How is it different from the original Command R (03-2024)?
The 08-2024 version is better at math, code, and reasoning, makes smarter tool-use decisions, improves multilingual RAG and citation quality, and can decline unanswerable questions. It also runs about 50% faster in throughput with roughly 20% lower latency and about half the hardware footprint of the original.

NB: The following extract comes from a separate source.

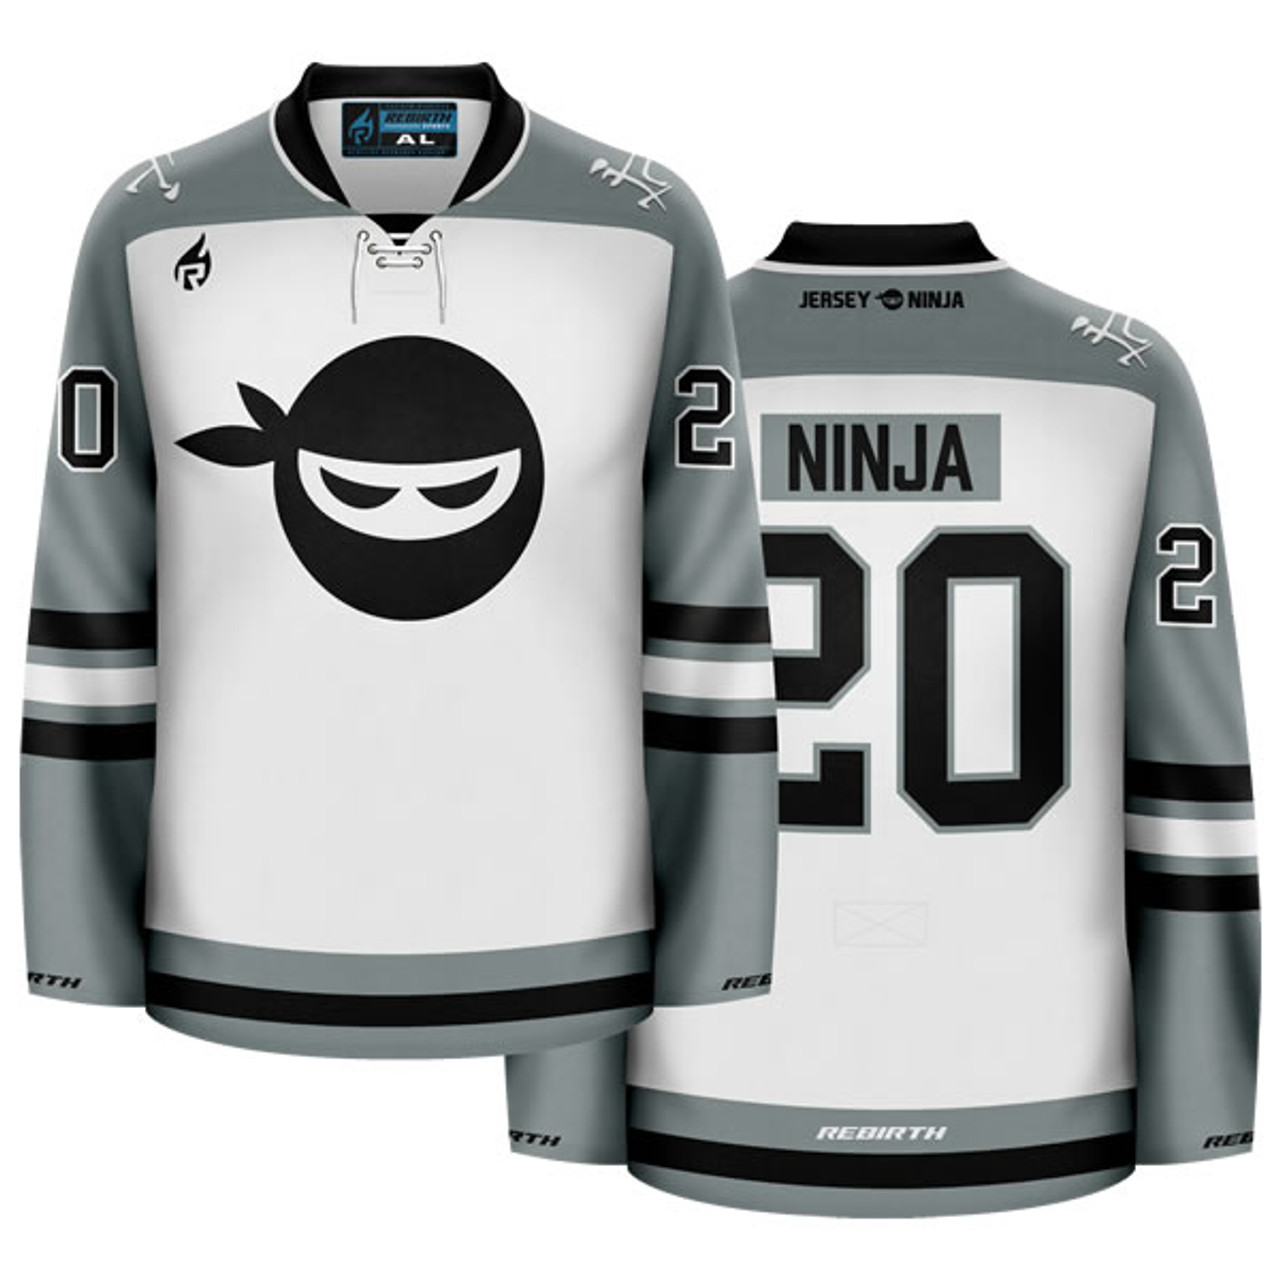 Jersey Ninja - Seattle Seahawks Blue Hockey Jersey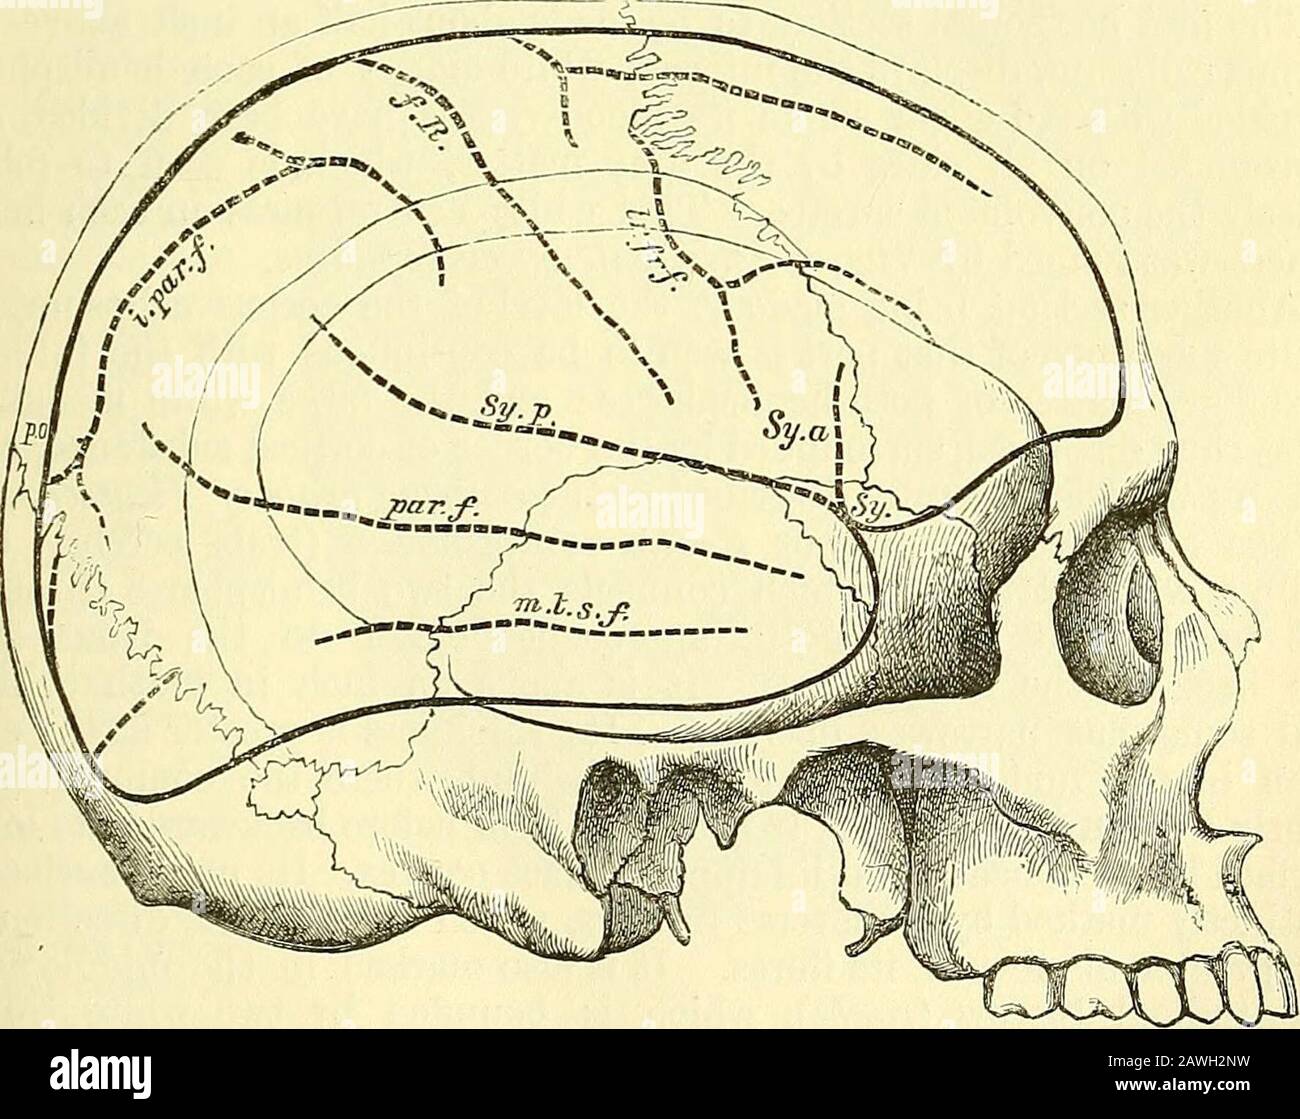 Elementi anatomici di Quain . t le due estremità del lobo limbico di Broca, Che sono separati dalla parte profonda della fessura di Sylvian, sono indirettamente uniti -ndth oneanother dalle radici del tratto olfattivo, così che il lobo olfattivo, di cui questa fonns una parte, è in iutimate connessione con il lobo limbico. Questa connessione è molto più cospicua ui animali. EELATION OP IL CEEEBRAL FISSTTRES E LE CONVOLUZIONI ALLE SUTURE THECRANIAL. Questa relazione è stata determinata per la prima volta esattamente da Broca, e successivamente è stata più ampiamente tracciata da Turner e Hefftler. Pin con broccainserved attraverso t Foto Stock

Is Command R (08-2024) open source?
The weights are openly published on Hugging Face under a CC-BY-NC license (non-commercial) together with Cohere's Acceptable Use Policy, so you can download them for research and self-hosting. Commercial use runs through the Cohere API under separate commercial terms.
How much does Command R (08-2024) cost on the API?
Per Cohere's August 2024 release notes, command-r-08-2024 is priced at $0.15 per million input tokens and $0.60 per million output tokens, which is substantially cheaper than the larger Command R+ (08-2024).